#### Aim of the task:
Write out exactly the lines below from the one containing "We ARE aware, however, that" to the last, both ends kept, and nothing more; skip all pictures.

(Beginning of The data)

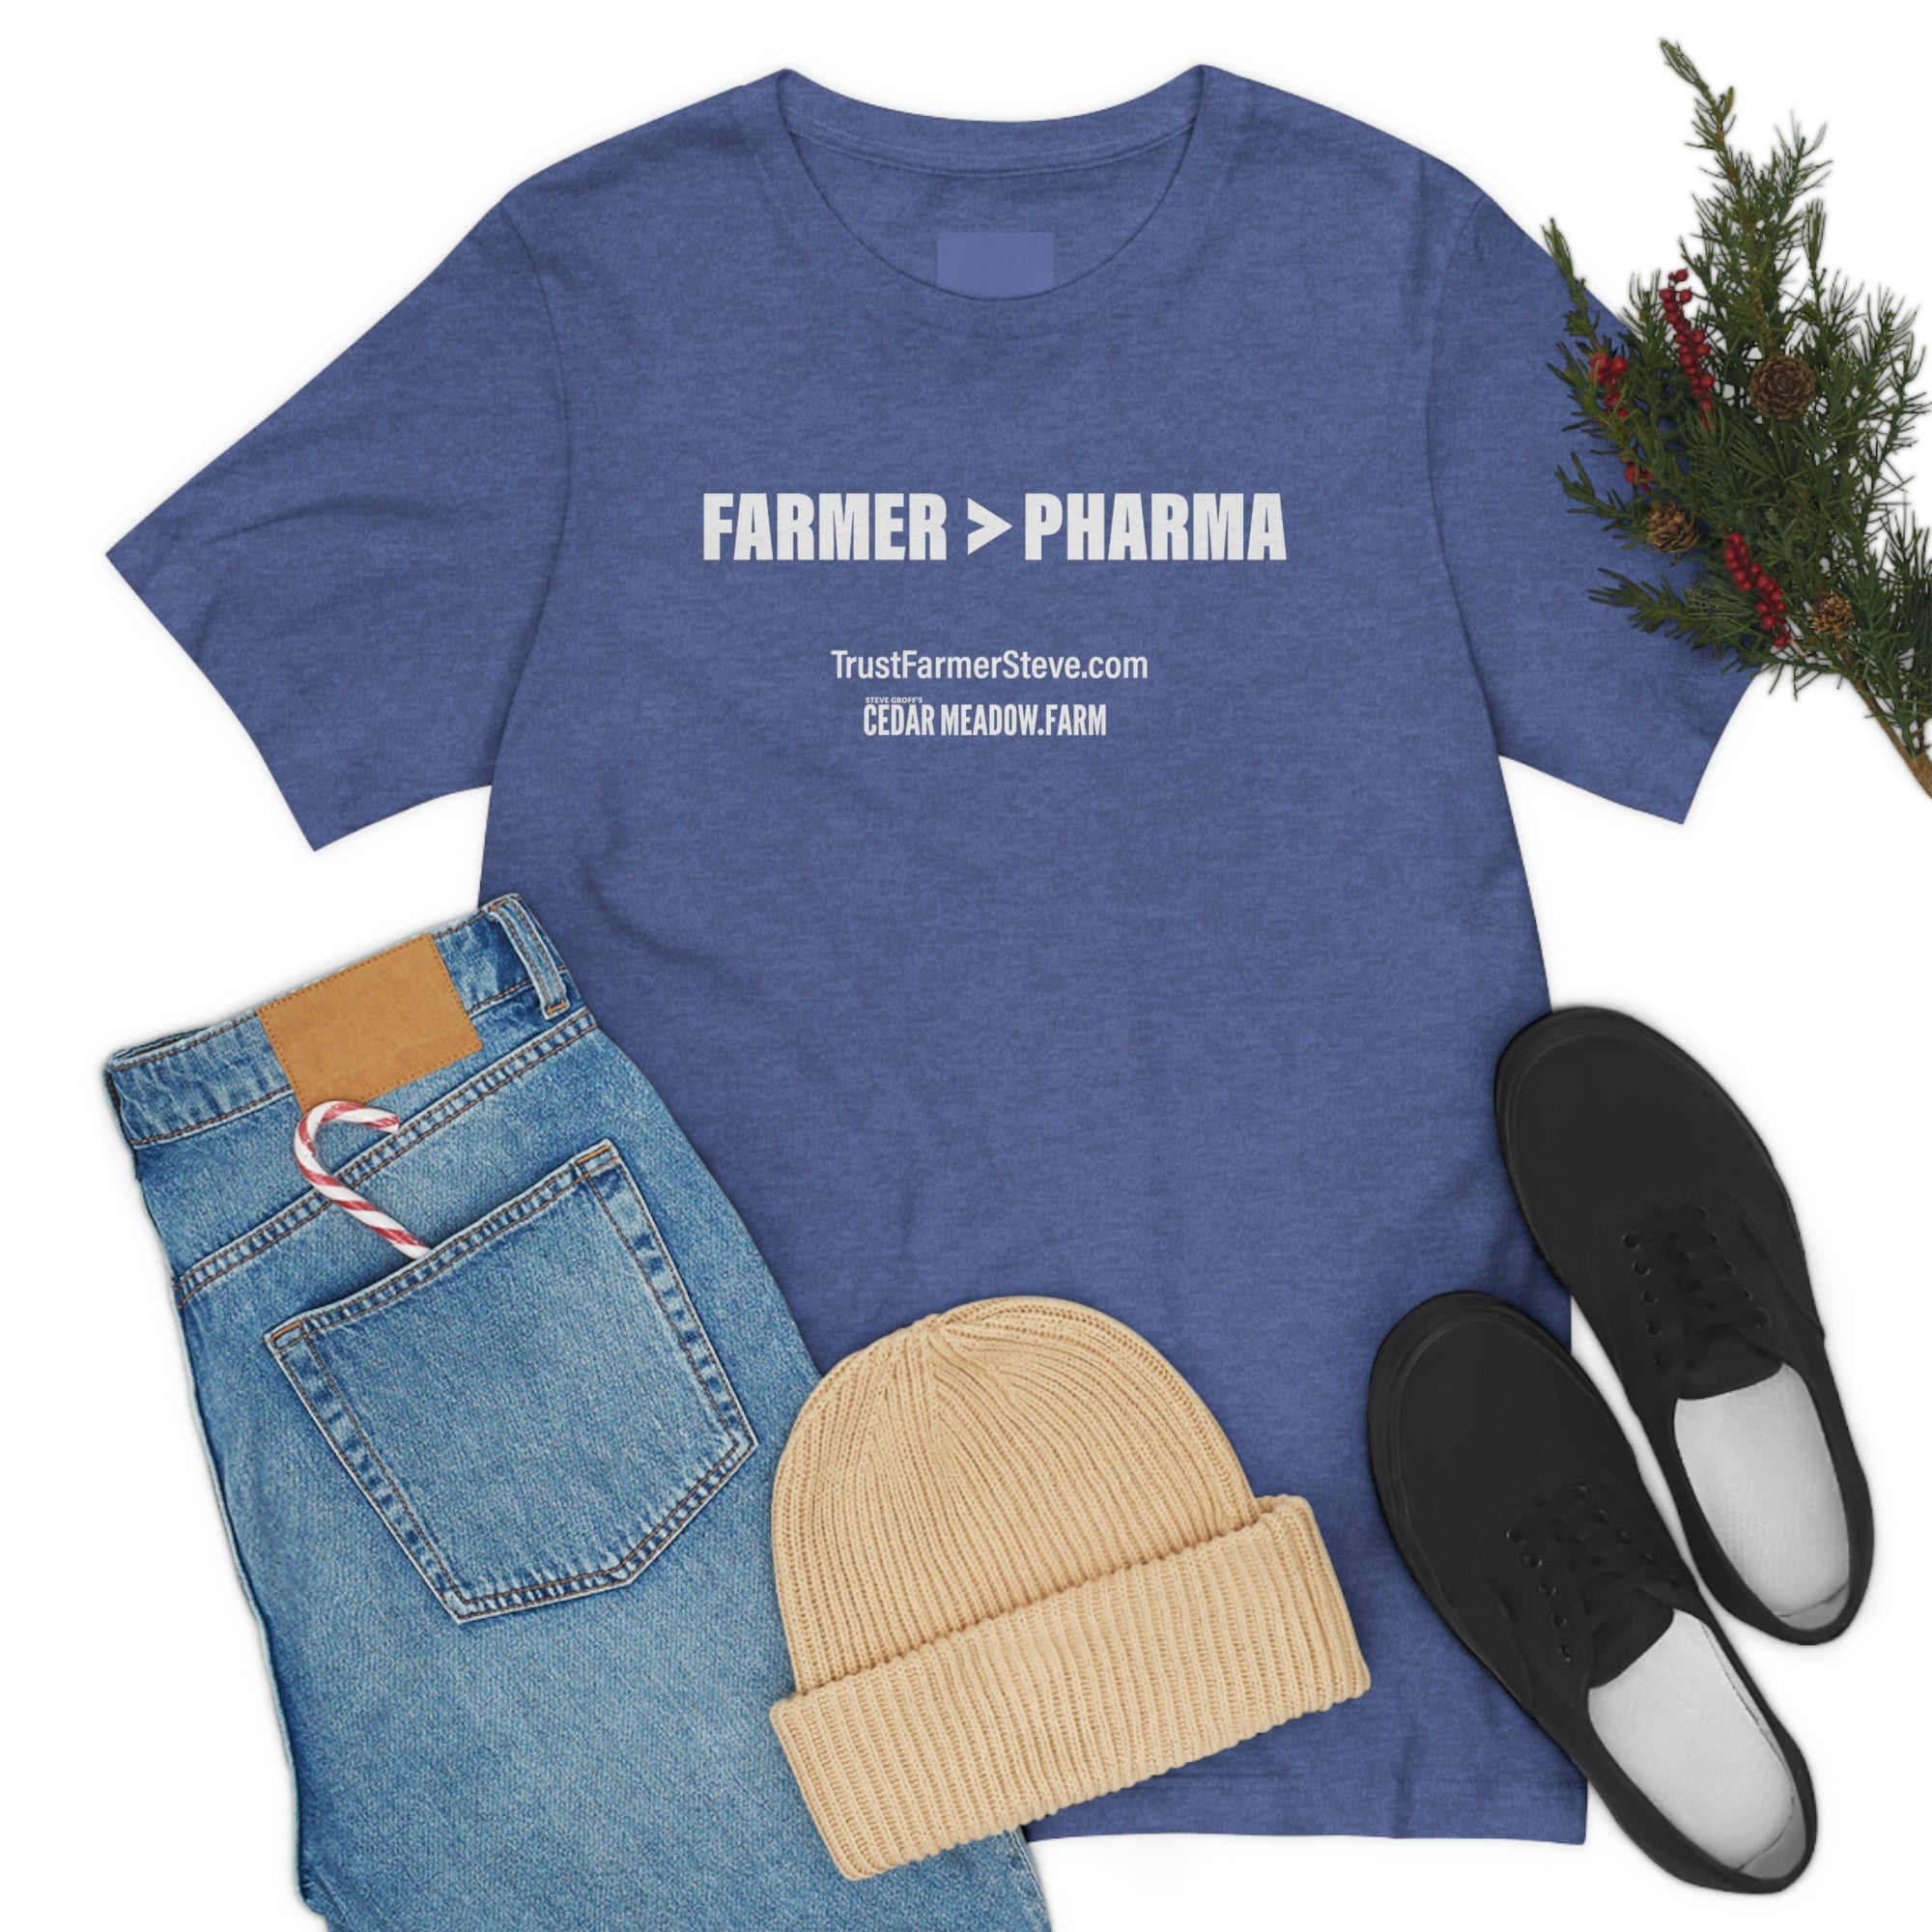 Farmer > Pharma-In no way would we ever advise you to NOT listen to your doctor and carefully considering your medial journey. 
We ARE aware, however, that "big pharma" sometimes mi-Cedar Meadow Farm
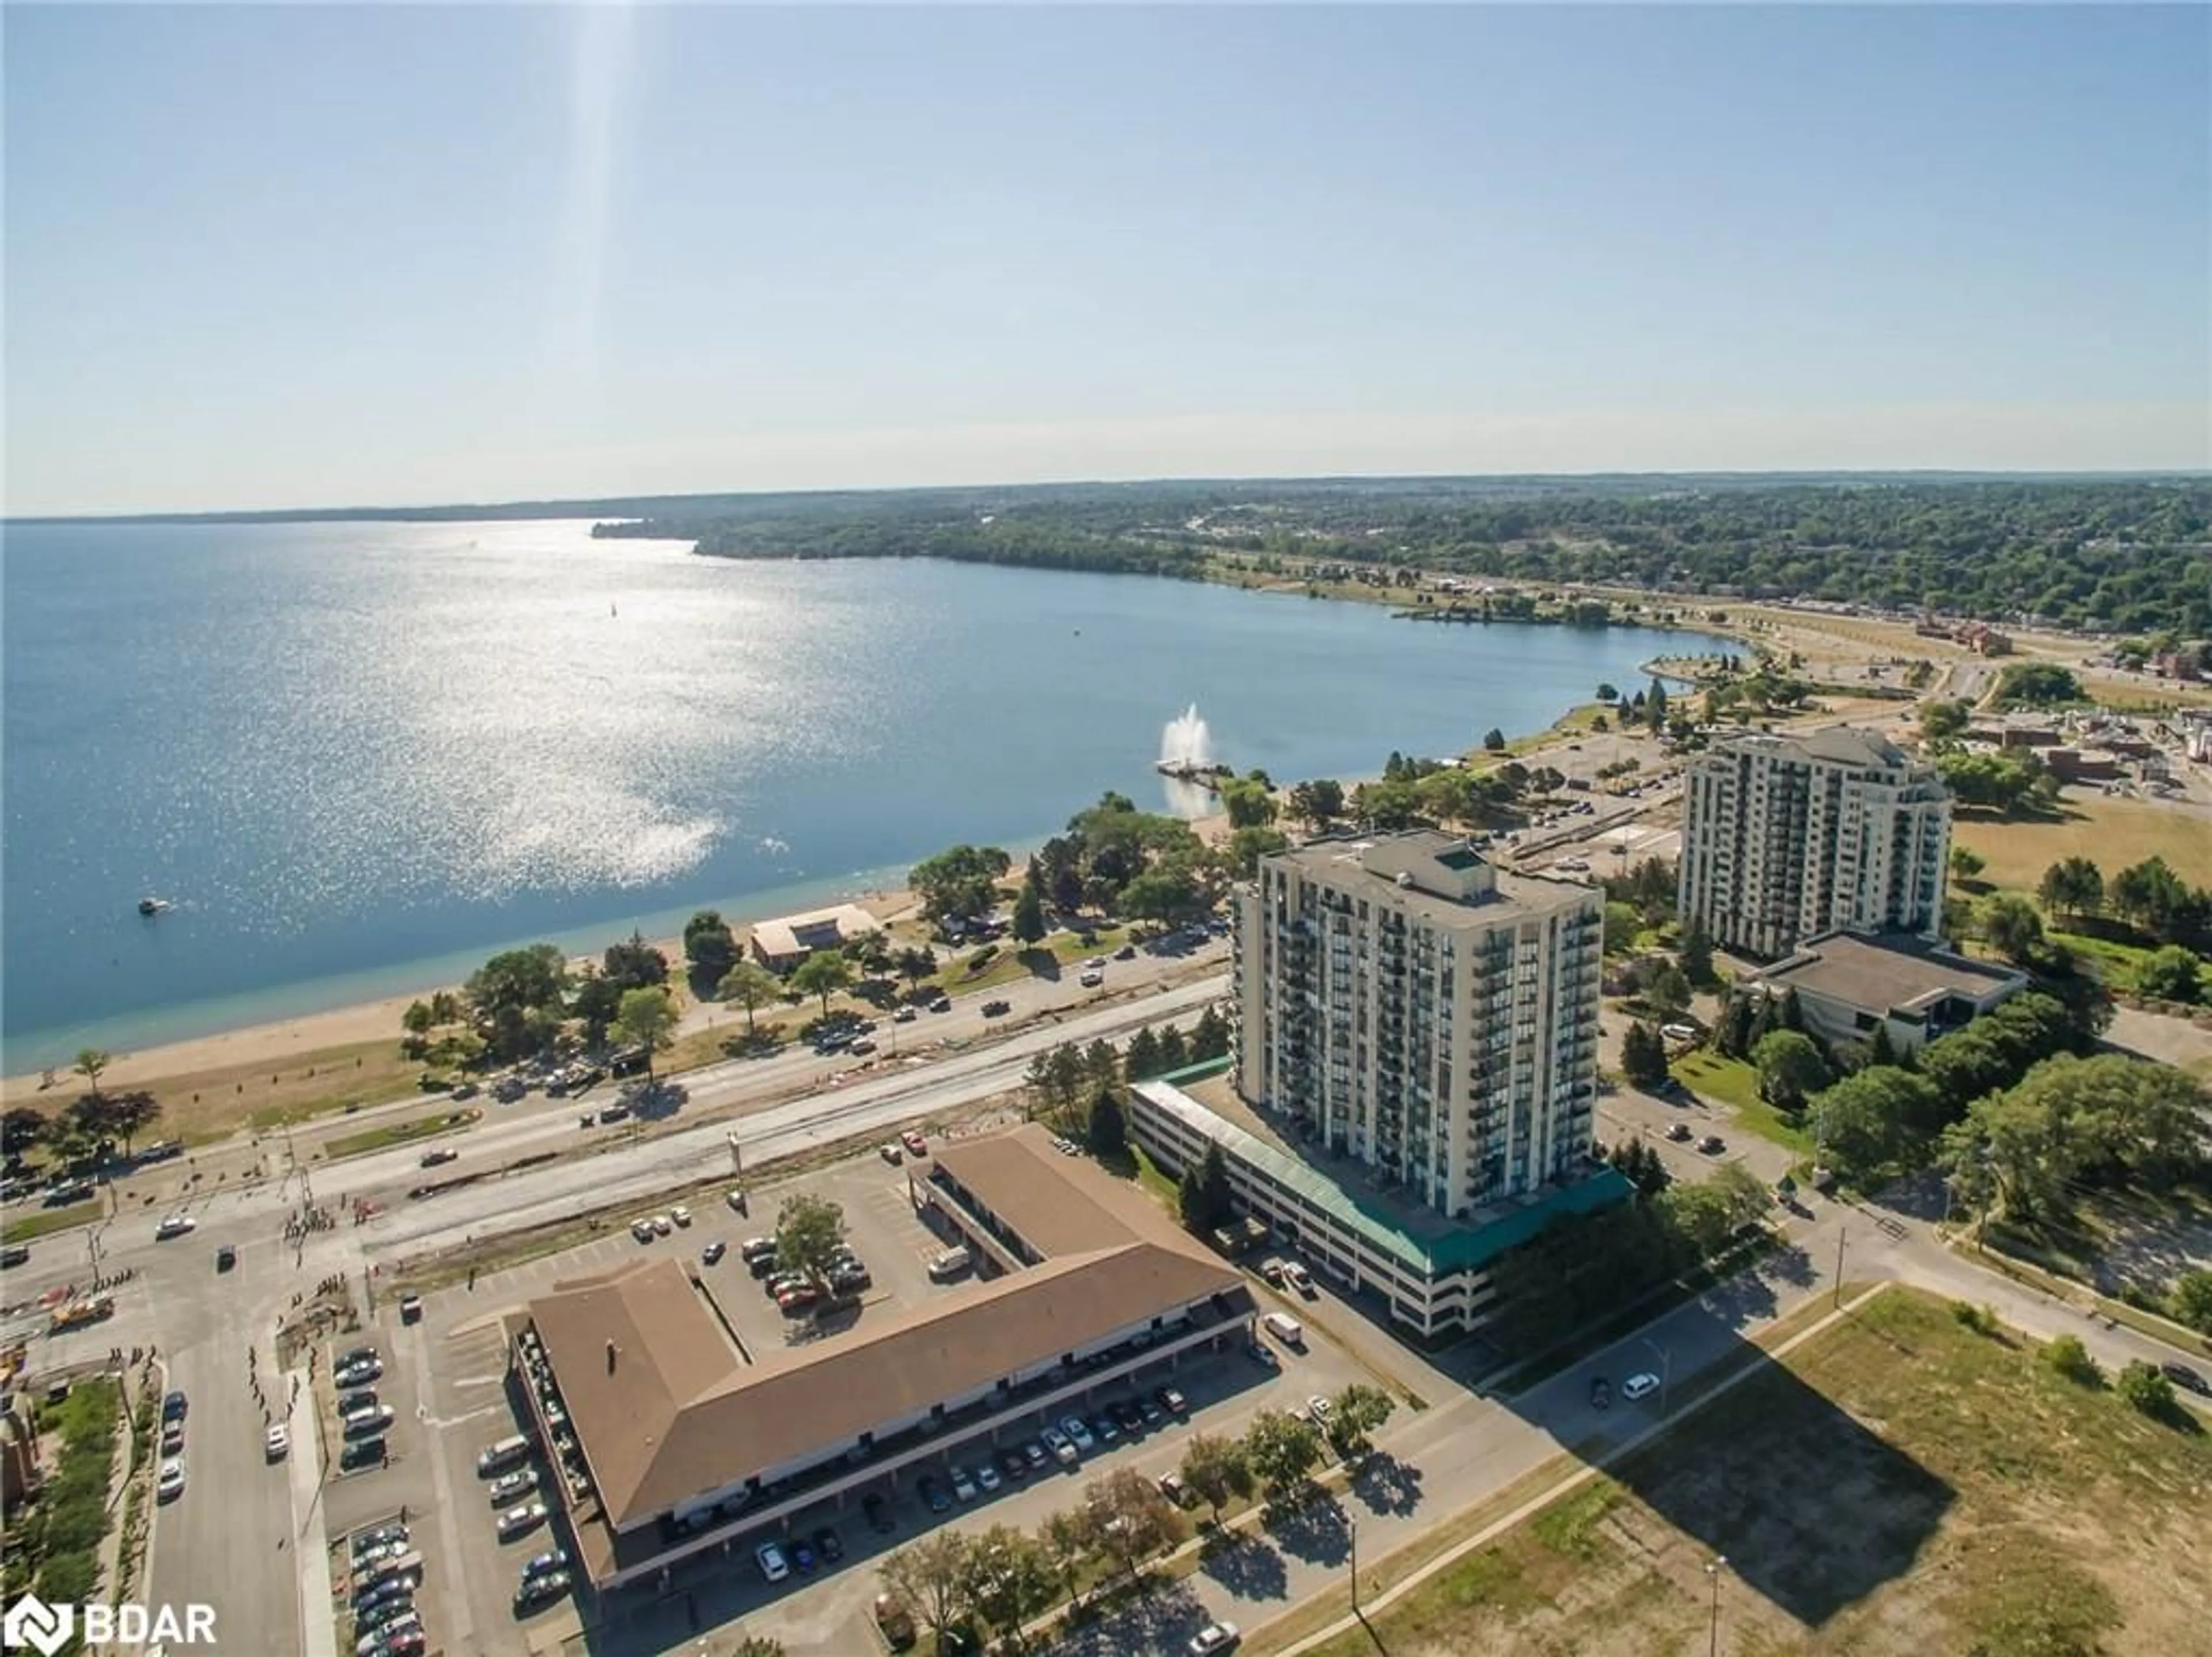 Lakeview for 75 Ellen St #807, Barrie Ontario L4N 7R6

(End of The data)

#### Exercise response:
We ARE aware, however, that "big pharma" sometimes mi-Cedar Meadow Farm
 Lakeview for 75 Ellen St #807, Barrie Ontario L4N 7R6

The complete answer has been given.